[Source data Boundary: Start]

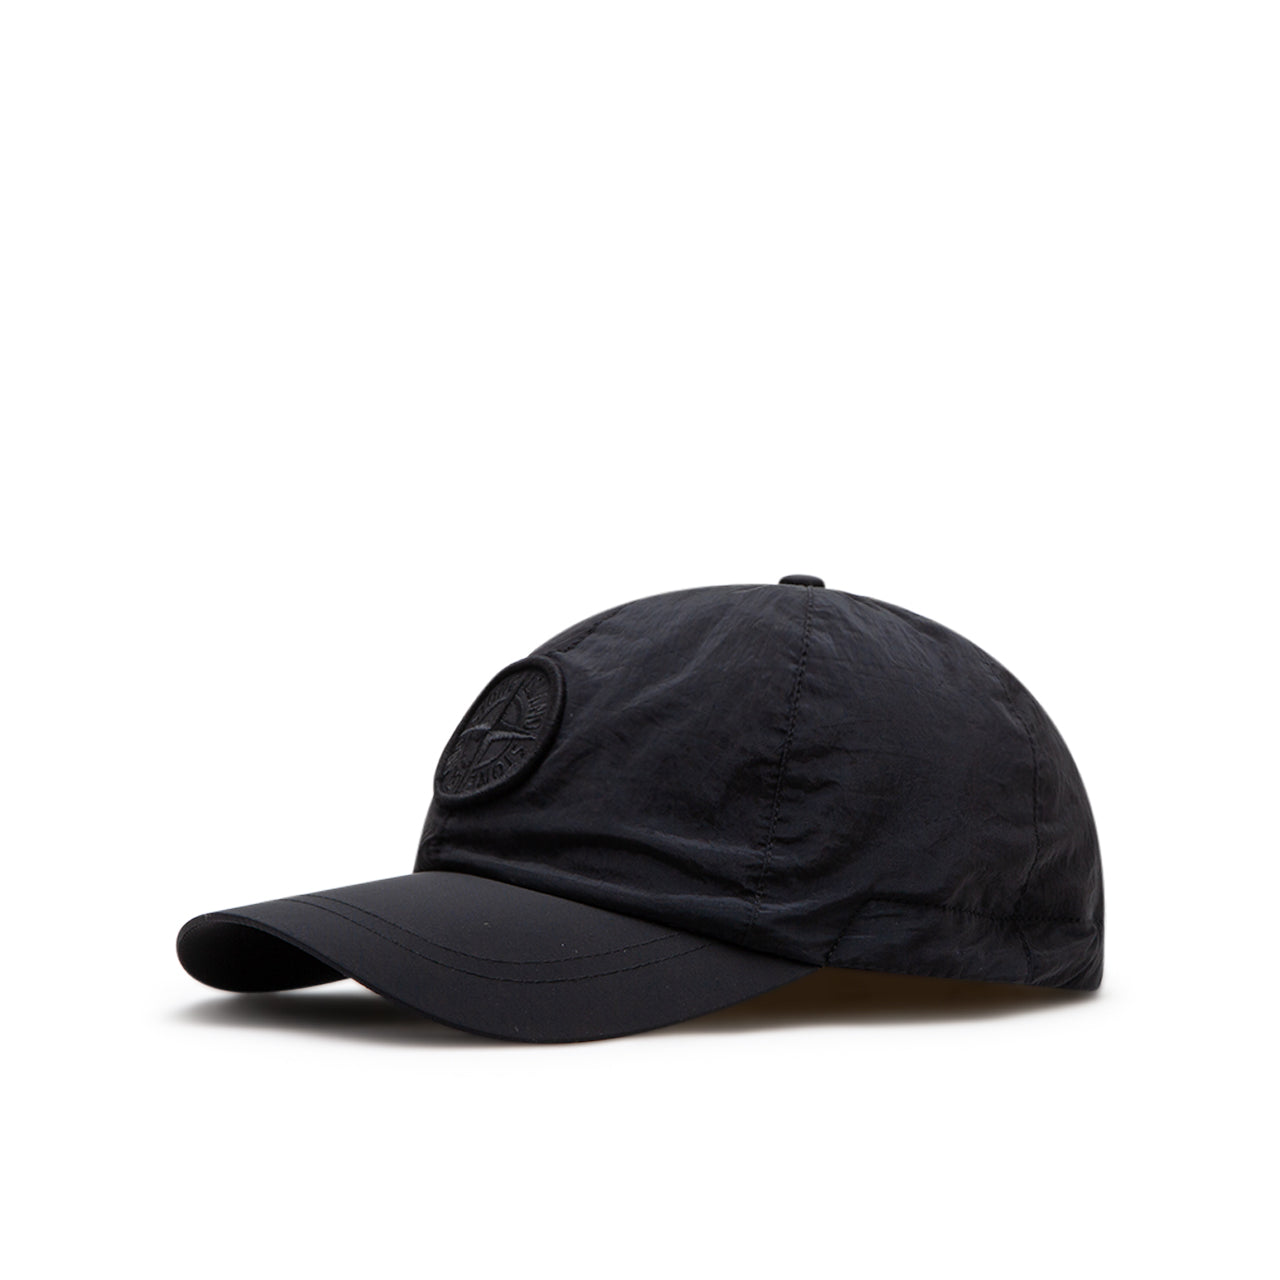 stone island nylon cap (black)
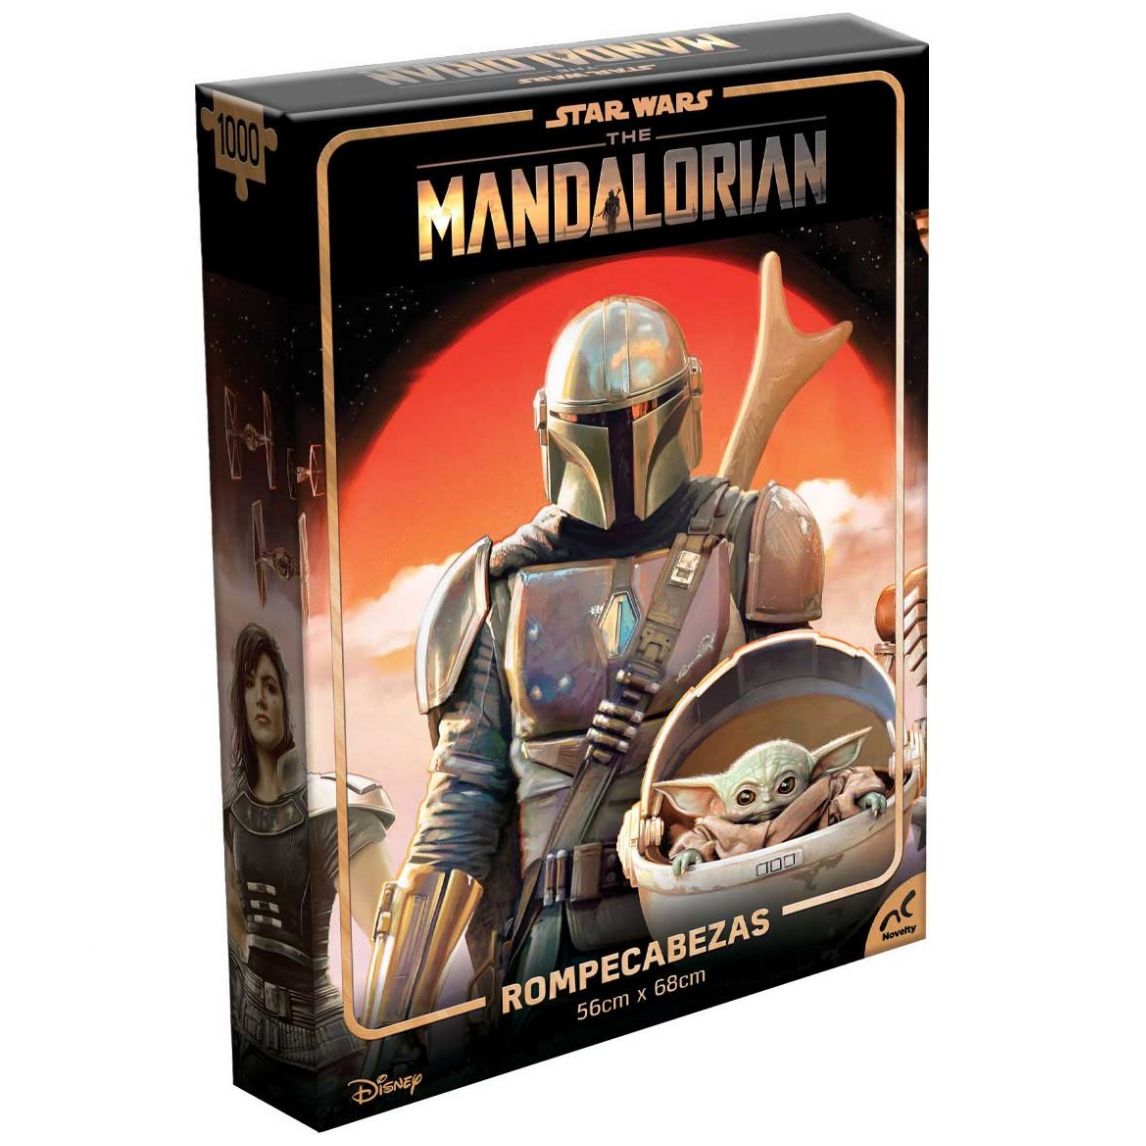 Rompecabezas Coleccionable Star Wars The Mandalorian
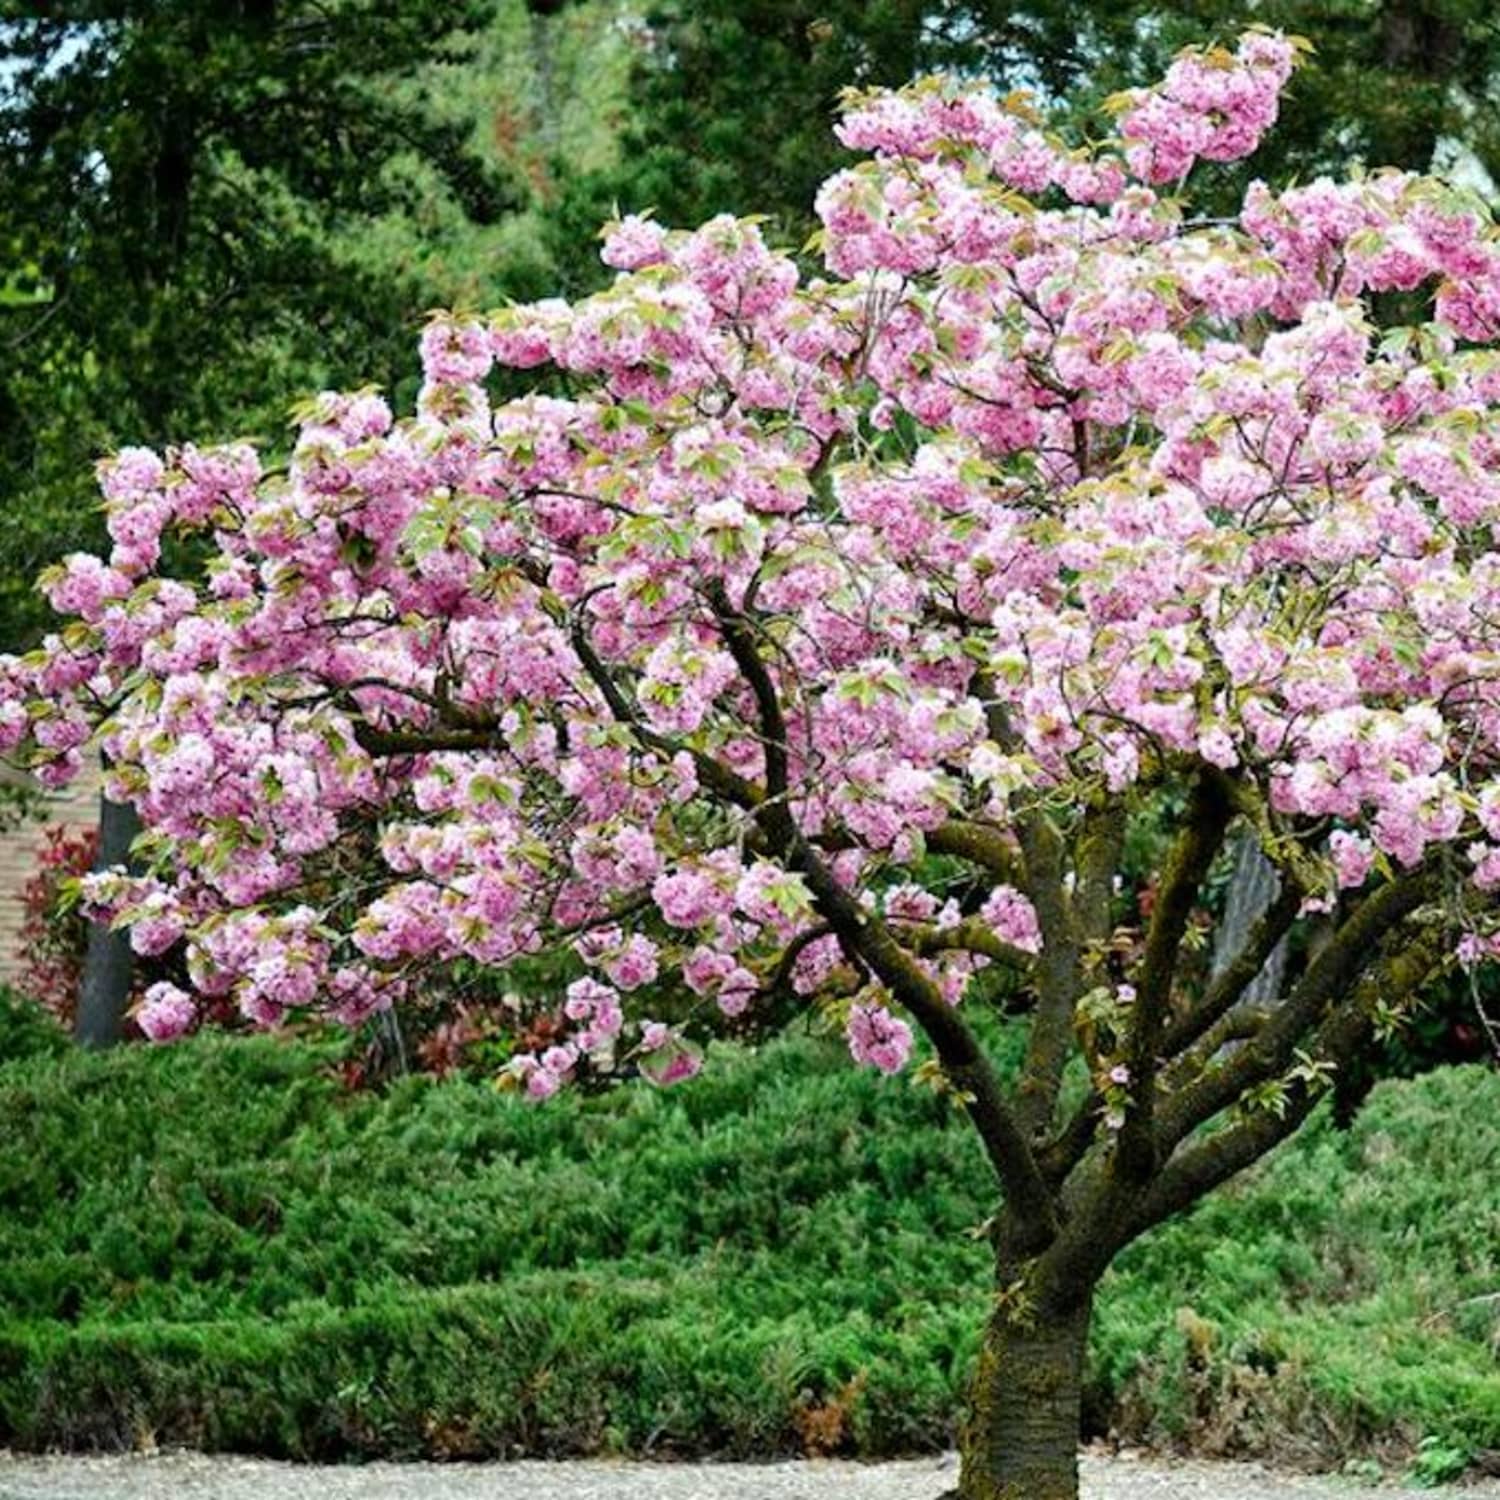 How to Care for a Cherry Blossom Tree
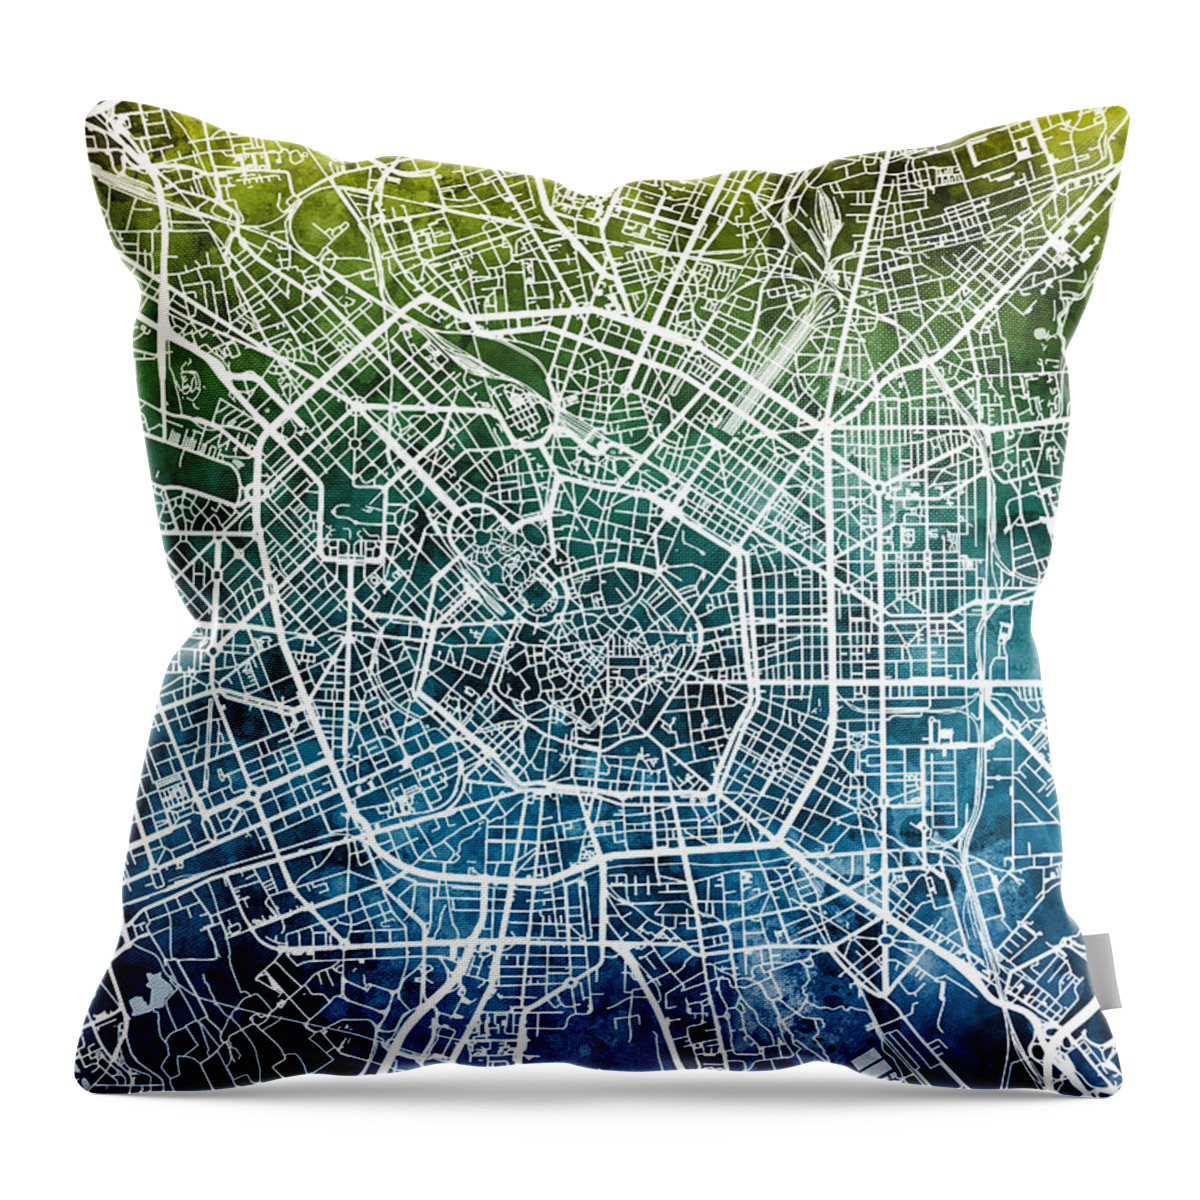 Milan Throw Pillow featuring the digital art Milan Italy City Map by Michael Tompsett

[Source data Boundary: End]

Instructions for the task: What you give back should be the full material above, retyped exactly, with every image removed.

Solution:
 stone island nylon cap (black)
 Rompecabezas Coleccionable Star Wars The Mandalorian
 How to Care for a Cherry Blossom Tree
 Milan Throw Pillow featuring the digital art Milan Italy City Map by Michael Tompsett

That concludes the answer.